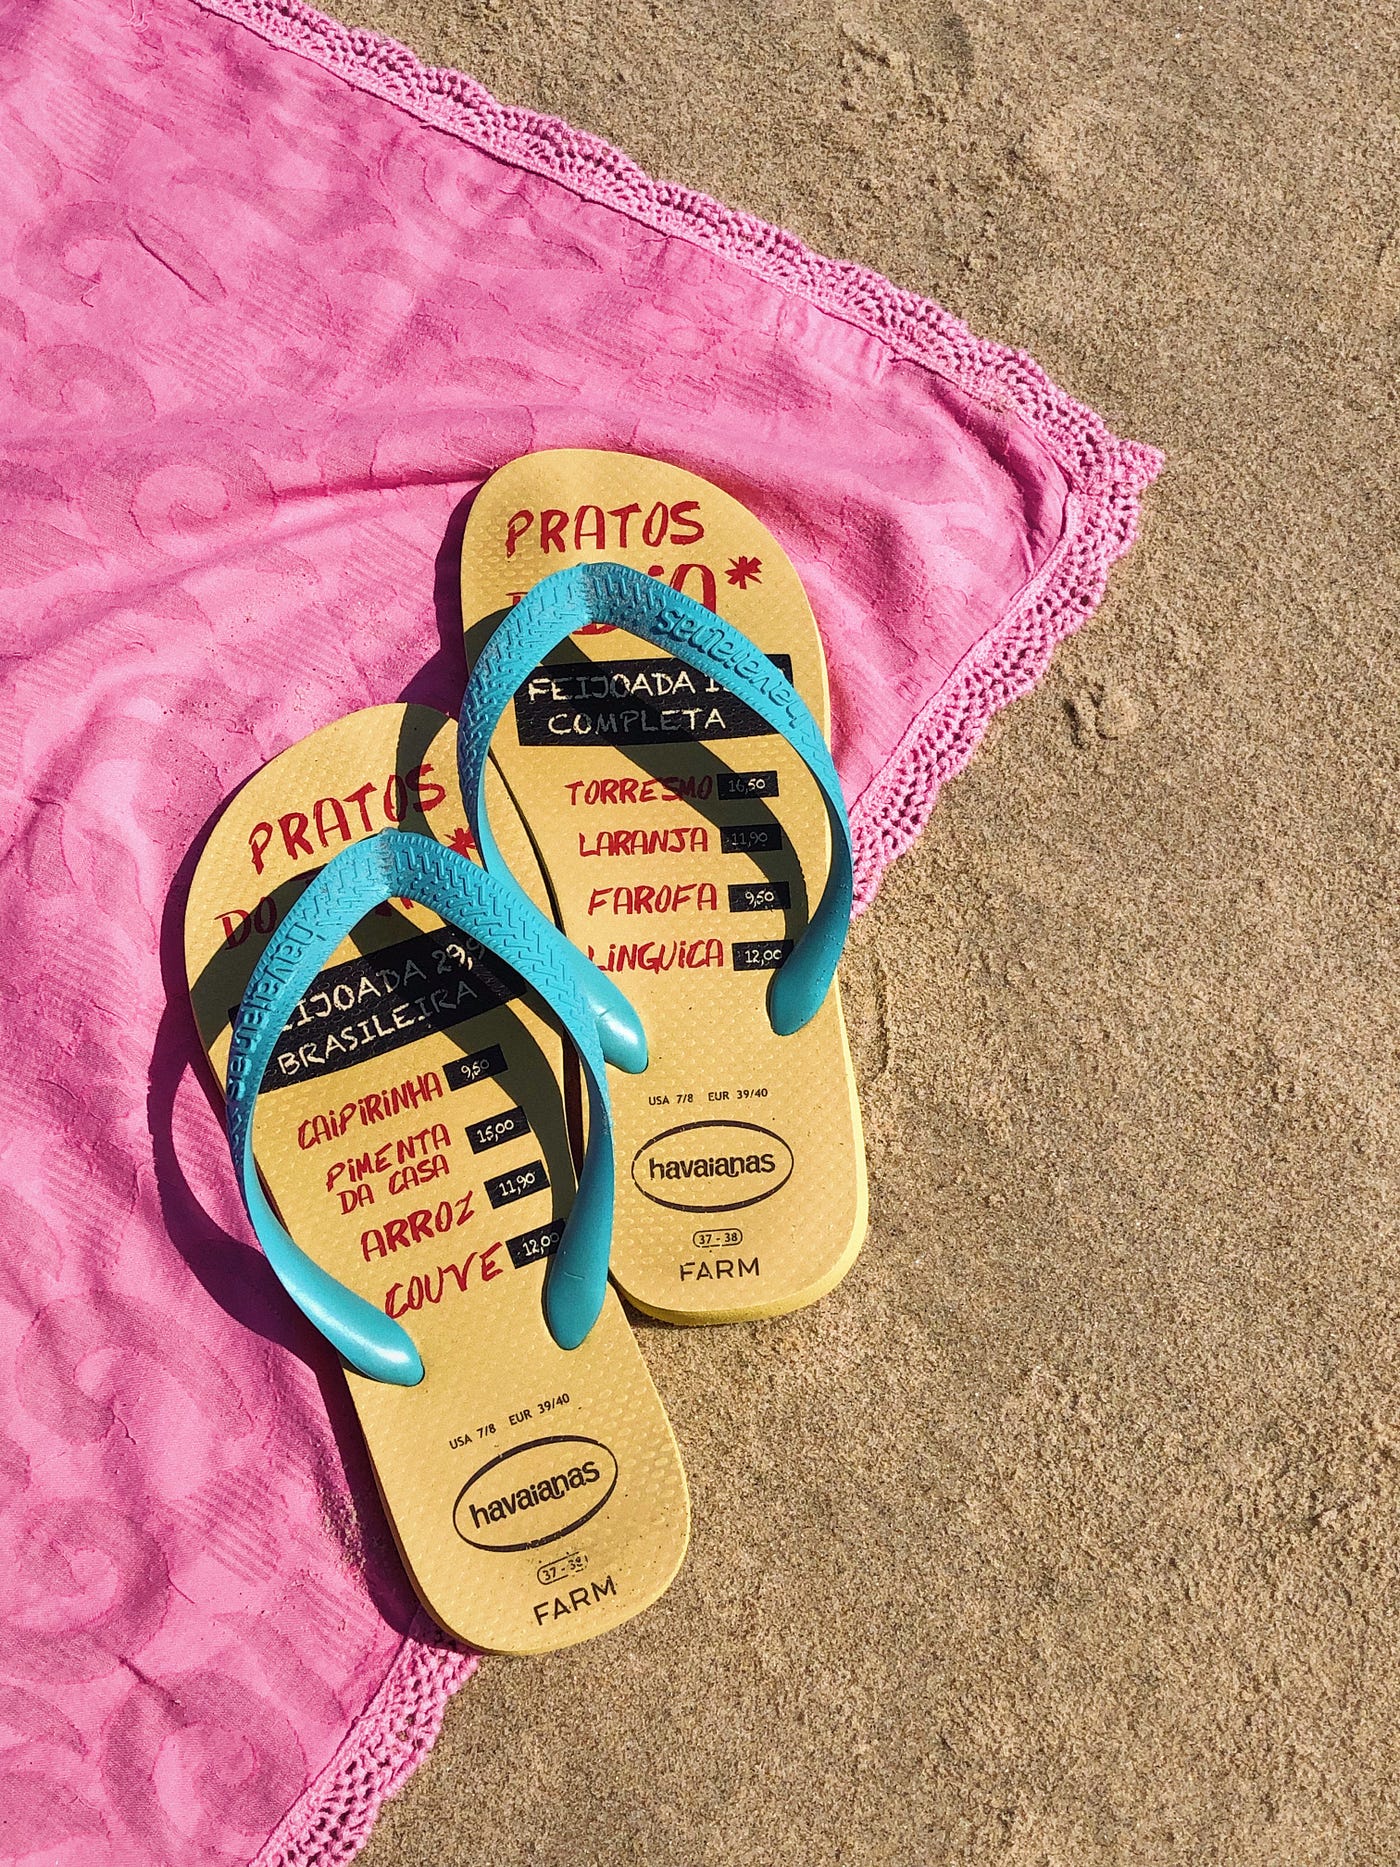 How an amateur design change played a crucial role in a flip-flop empire |  by Ariel V S | Medium
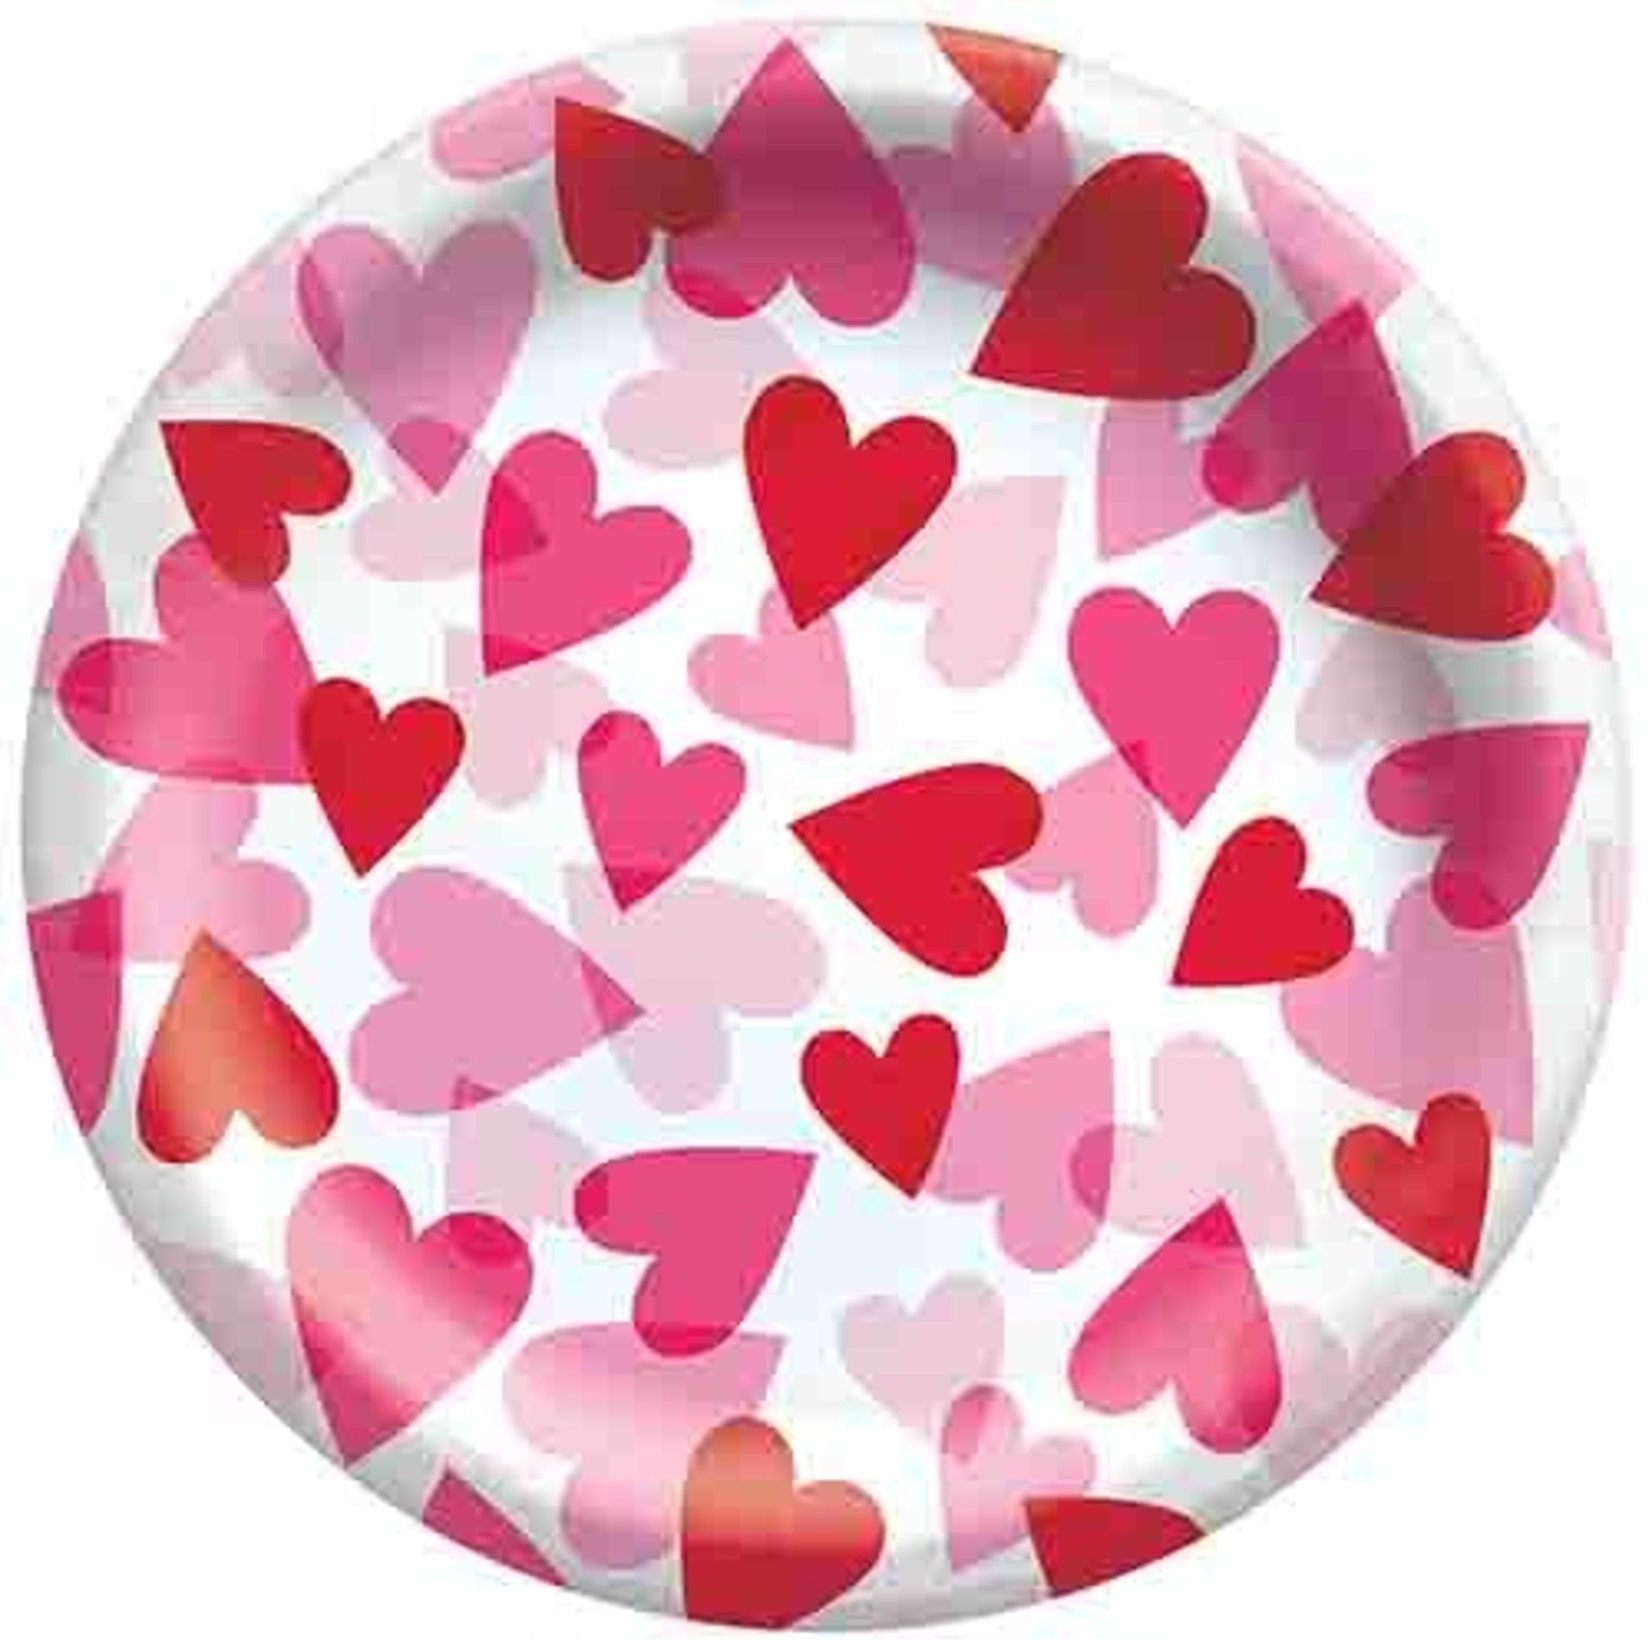 Amscan 9" Heart Party Plates - 20ct.
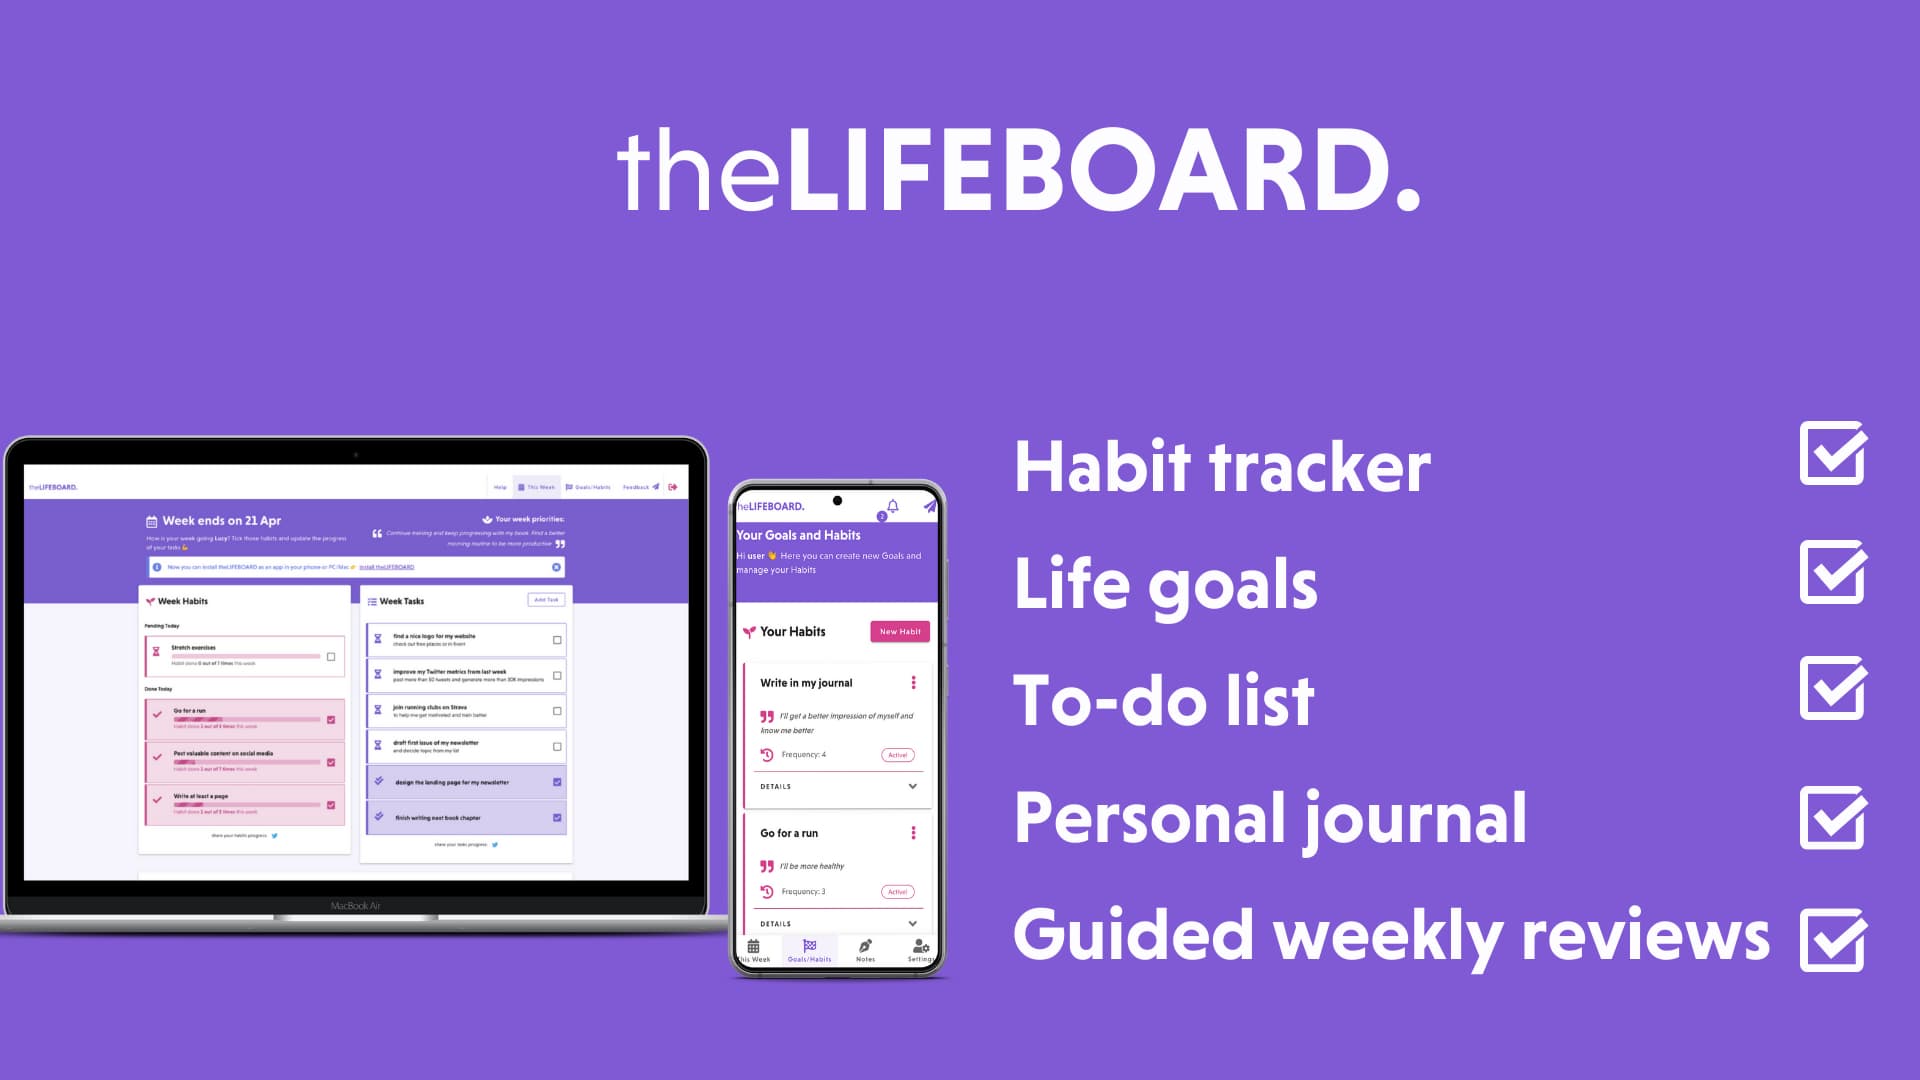 theLIFEBOARD user dashboard

■ Work to be completed ■
Write the material out again exactly. Do not include the pictures.

■ Response ■
 How an amateur design change played a crucial role in a flip-flop empire |  by Ariel V S | Medium
 Amscan 9" Heart Party Plates - 20ct.
 theLIFEBOARD user dashboard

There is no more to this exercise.